You are viewing a plain text version of this content. The canonical link for it is here.
Posted to solr-user@lucene.apache.org by Shamik Bandopadhyay <sh...@gmail.com> on 2014/02/11 02:20:22 UTC

Indexing question on individual field update

Hi,

  I'm currently indexing a bunch of fields for a given document. For e.g.
let's assume there's a field called "rating". The rating field is not part
of the original document during index, so the value is blank. The field
gets updated by an external service when the document is rated by users.
The service makes a partial Solr update and sets the appropriate rating
value. But, when I re-index the same document, the rating fields get
over-written and reset to blank. I understand that an indexing in Solr is
delete and add, but is there a way to put a conditional indexing at the
field level, which will keep the value if its already present in the index
for a given id ?

Any pointers will be appreciated.

Thanks,
Shamik

Re: Indexing question on individual field update

Posted by shamik <sh...@gmail.com>.
Ok, I was wrong here. I can always set the indextimestamp field with current
time (NOW) for every atomic update. On a similar note, is there any
performance constraint with updates compared to add ?



--
View this message in context: http://lucene.472066.n3.nabble.com/Indexing-question-on-individual-field-update-tp4116605p4116772.html
Sent from the Solr - User mailing list archive at Nabble.com.

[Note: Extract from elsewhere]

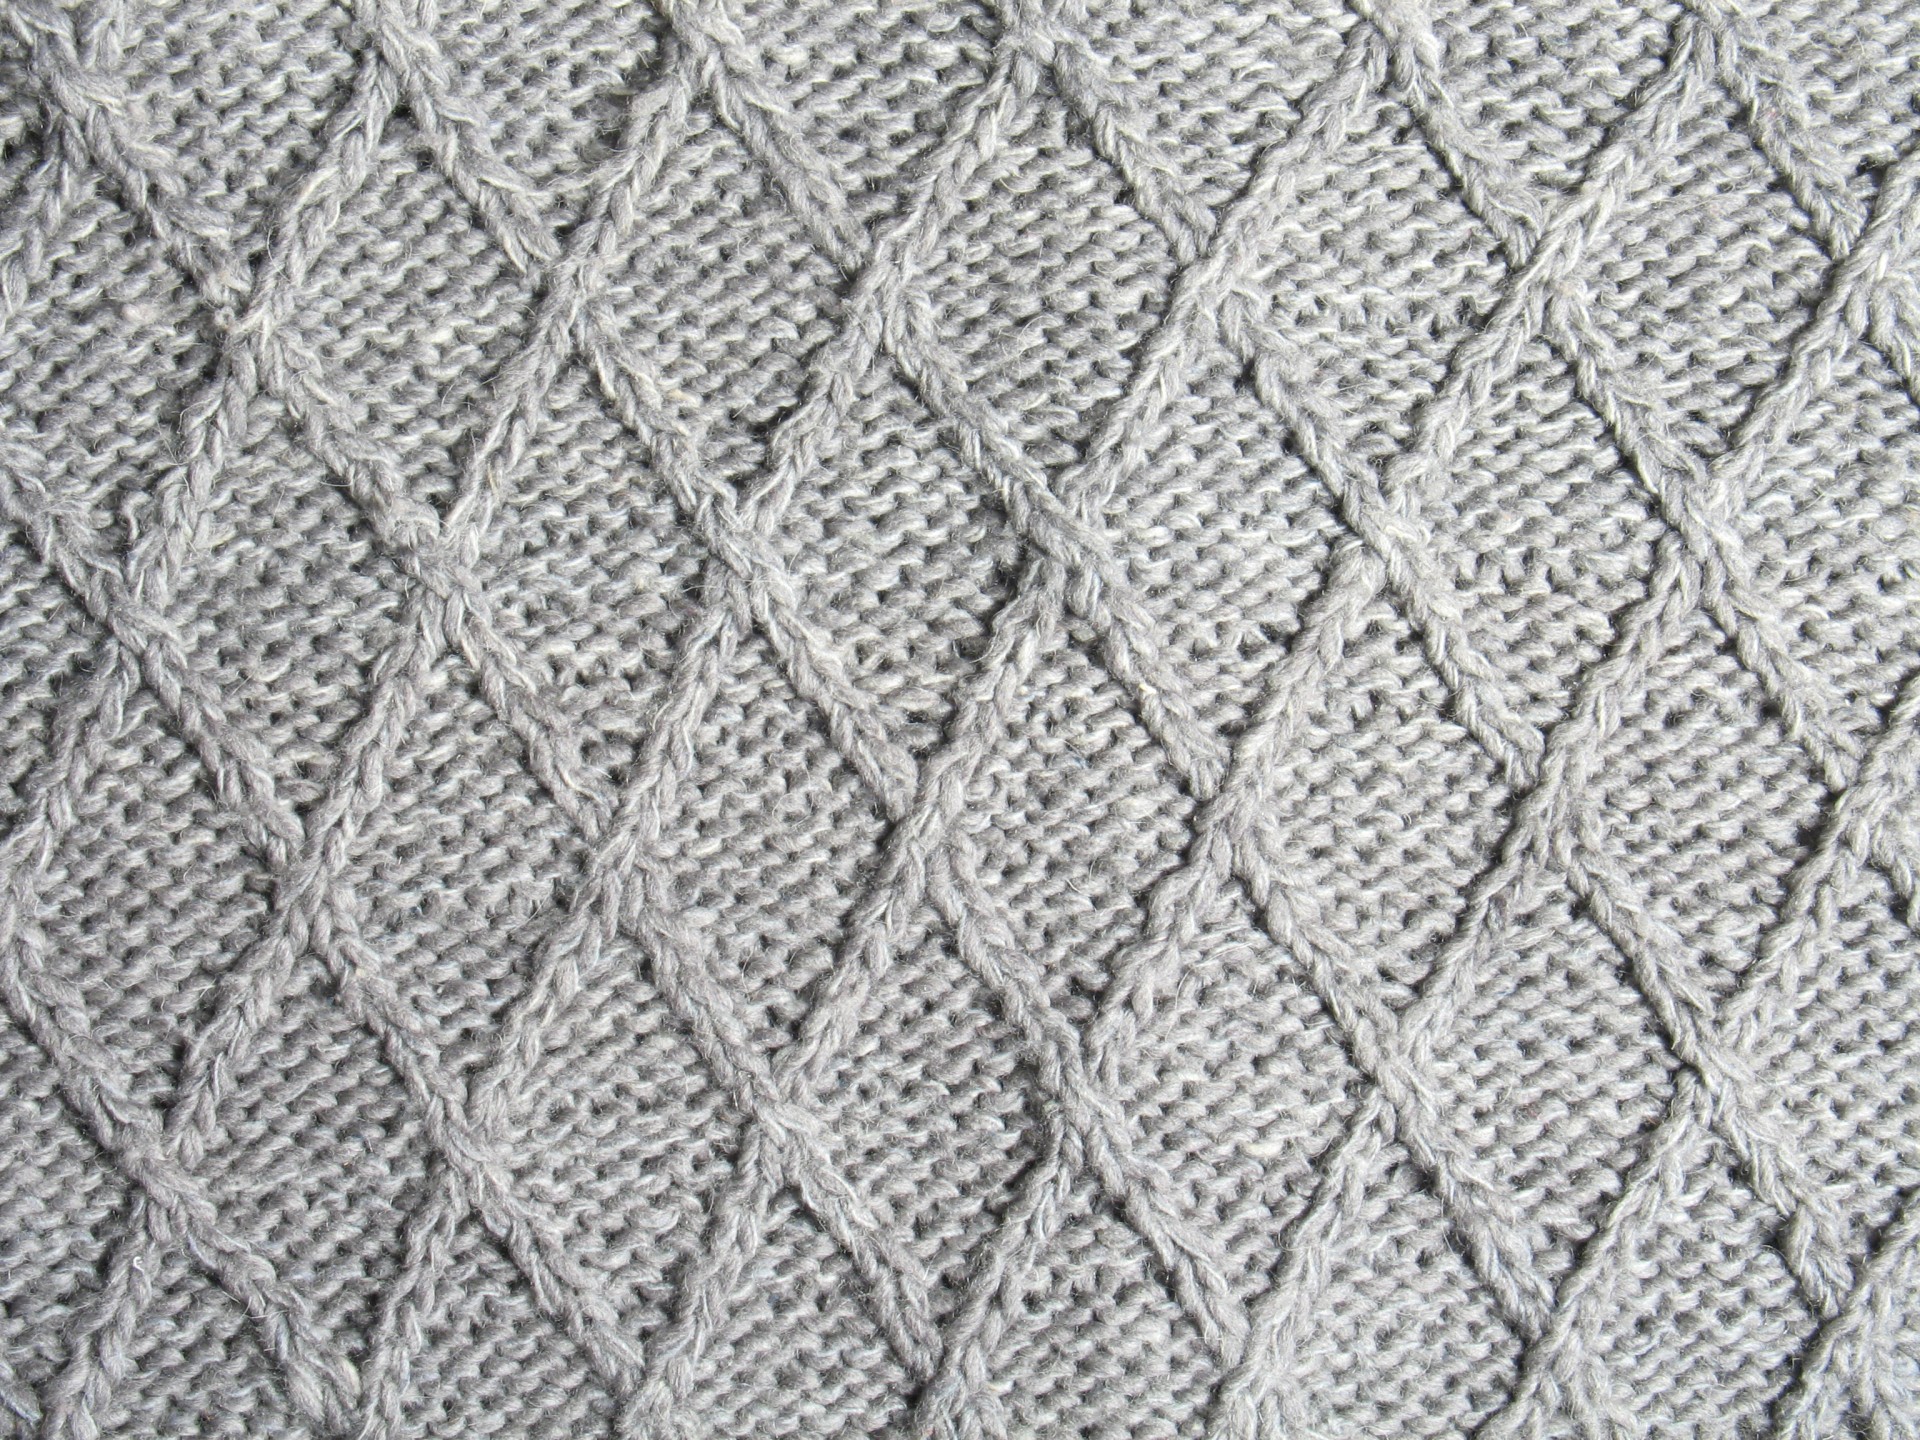 craft knitting pattern free photo

Re: Indexing question on individual field update

Posted by shamik <sh...@gmail.com>.
Thanks Eric and Shawn, appreciate your help.



--
View this message in context: http://lucene.472066.n3.nabble.com/Indexing-question-on-individual-field-update-tp4116605p4116831.html
Sent from the Solr - User mailing list archive at Nabble.com.

Re: Indexing question on individual field update

Posted by Erick Erickson <er...@gmail.com>.
Update and add are basically the same thing if there's an existing document.
There will be some performance consequence since you're getting the stored
fields on the server as opposed to getting the full input from the external
source
and handing it to Solr. However, I know of at least one situation where the
atomic update rate is sky-high and it works, so I wouldn't worry about it
unless and
until I saw a problem.

Best,
Erick


On Tue, Feb 11, 2014 at 3:03 PM, Shawn Heisey <so...@elyograg.org> wrote:

> On 2/11/2014 2:37 PM, shamik wrote:
>
>> Eric,
>>
>>    Thanks for your reply. I should have given a better context. I'm
>> currently
>> running an incremental crawl daily on this particular source and indexing
>> the documents. Incremental crawl looks for any change since last crawl
>> date
>> based on the document publish date. But, there's no way for me to know if
>> a
>> document has been deleted. To ensure that, I ran a full crawl on a
>> weekend,
>> which basically re-index the entire content. After the full index is
>> over, I
>> call a purge script, which deletes any content which is more than 24 hour
>> old, based on the indextimestamp field.
>>
>> The issue with atomic update is that it doesn't alter the indextimstamp
>> field. So even if I run a full crawl with atomic updates, the timestamp
>> will
>> stick to its old value. Unfortunately, I can't rely on another date field
>> coming from the source as they are not consistent. That translates to the
>> fact that I can't remove stale content.
>>
>
> One possibility is this: When you send the atomic update to Solr, include
> a new value for the indextimestamp field.
>
> Another option: You can write a custom update processor plugin for Solr.
>  When the custom code is used, it will be executed on each incoming
> document.  Depending on what it finds in the update request, it can make
> appropriate changes, like updating indextimestamp.  You can do pretty much
> anything.
>
> http://wiki.apache.org/solr/UpdateRequestProcessor
>
> Writing an update processor in Java typically gives the best results in
> terms of flexibility and performance, but there is also a way to use other
> programming languages:
>
> http://wiki.apache.org/solr/ScriptUpdateProcessor
>
> Thanks,
> Shawn
>
>

Re: Indexing question on individual field update

Posted by Shawn Heisey <so...@elyograg.org>.
On 2/11/2014 2:37 PM, shamik wrote:
> Eric,
>
>    Thanks for your reply. I should have given a better context. I'm currently
> running an incremental crawl daily on this particular source and indexing
> the documents. Incremental crawl looks for any change since last crawl date
> based on the document publish date. But, there's no way for me to know if a
> document has been deleted. To ensure that, I ran a full crawl on a weekend,
> which basically re-index the entire content. After the full index is over, I
> call a purge script, which deletes any content which is more than 24 hour
> old, based on the indextimestamp field.
>
> The issue with atomic update is that it doesn't alter the indextimstamp
> field. So even if I run a full crawl with atomic updates, the timestamp will
> stick to its old value. Unfortunately, I can't rely on another date field
> coming from the source as they are not consistent. That translates to the
> fact that I can't remove stale content.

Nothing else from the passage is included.